Back in 2019, I wasn’t looking to service lenses. I was stepping away from the digital look.
Coming from years of fashion and commercial photography using Canon L lenses, every shot is clean, sharp, and contrasty. I was chasing a “film look” through diffusion filters and grading tricks, but it didn’t match the look in cinemas.
That’s when I picked up a cheap vintage lens, a German Pentacon 135mm f2.8, from a local used marketplace. It came with an old leather case, cost less than a Black Pro-mist filter, and immediately felt different. It was an imperfect glass in every sense, but the “look” from it was interesting.
That lens sent me down the vintage rabbit hole.

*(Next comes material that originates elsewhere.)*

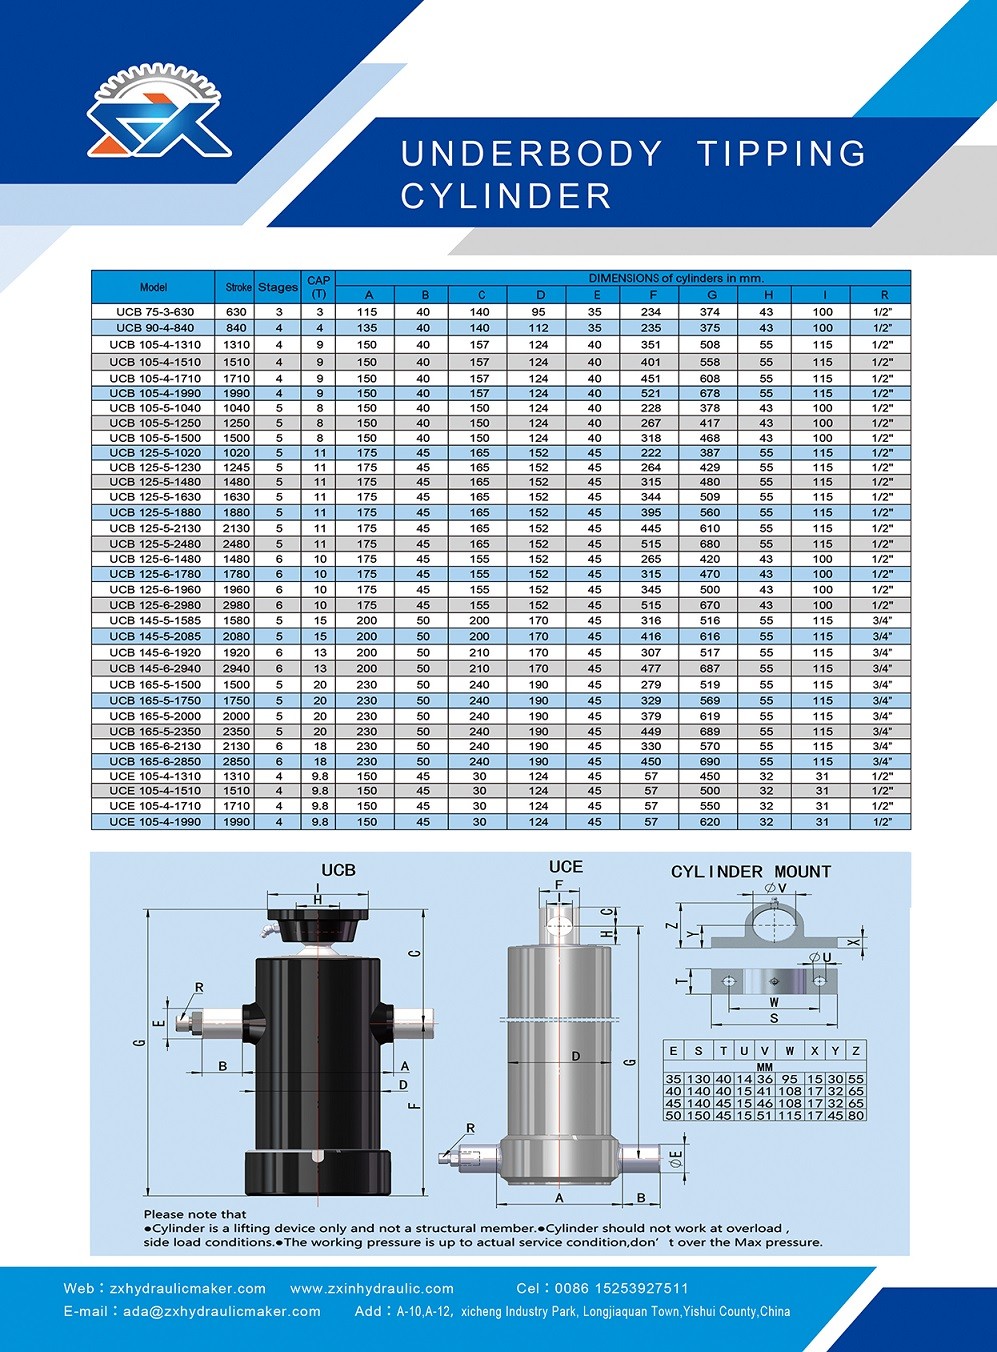 Underbody Hydraulic Cylinders

Single coated glass, lower contrast, flares, those are optical quirks modern lenses had long engineered out. It felt like I had found the missing piece I’d been forcing through filters and post-production.
But there was a problem.
Local listings were limited. Most lenses were interitance pieces, forgotten in storerooms, dusty, hazy, filled with fungus. When I turned to eBay, the selection exploded, but so did the inconsistency. Listings ranged from “mint” to “ugly”, and those labels rarely meant what they claimed.
That turning point came with my second Helios-44M.
On the listing, it was fine. When I finally received in hand, it was miserable. The focus ring was dry and stiff, almost unusable. I took it out to shoot for fun, but it was far from enjoyable.
That frustration mattered more than I realised.
Instead of accepting as it is, I decided to open the lens myself. After hours of watching relubrication videos, I bought proper grease, disassembled the Helios, cleaned and relubricated the helicoid.
It worked.
The focus turned smoothly. The lens finally feels proper instead of junk. I ended up selling it as a serviced copy, not because I planned to start a business, but because it felt wrong to pass it on any other way.
Over the next few years, I serviced and sold many Helios lens and other variants. But I slowly noticed something disturbing: most buyers didn’t really care. They weren’t interested in fresh lubrication, cleaned glass, or consistency. Most messages started with the same question:
“What’s your best price?”
That’s when I realised I was solving a problem most people weren’t looking to solve.
Everything changed in 2023.
A DP from Spectrum Films, a production house in Malaysia, purchased a full set of my serviced vintage Soviet lenses – Mir-1b, Helios-44-2, Helios-44M, and Jupiter-9 – for professional work. This wasn’t a weekend hobbyist. These lenses were going on set.
At that time, I hadn’t cine-modded them yet.
I explored off-the-shelf follow focus solutions, but most felt like compromises. Some cost more than the lenses themselves, others looked like temporary add-ons rather than part of the lens. When I tested them in real-world shooting, they slipped, flexed, or didn’t work under constant use.
So I went custom.
After months of research, testing, collaboration with a local DP who specialised in 3D printing, we refine follow focus gears that fit properly, stayed secure, and worked reliably with motors. It wasn’t perfect or indestructible, but it worked under constant use.
That process clarified something important for me.
I wasn’t refining these lenses to become a master lens technician. I was doing it because I couldn’t bring myself to mount anything on my camera that I wasn’t fully confident in.
Since 2023, I’ve stepped away from client work to document what I was learning and share that process through YouTube. But that’s a story for another time.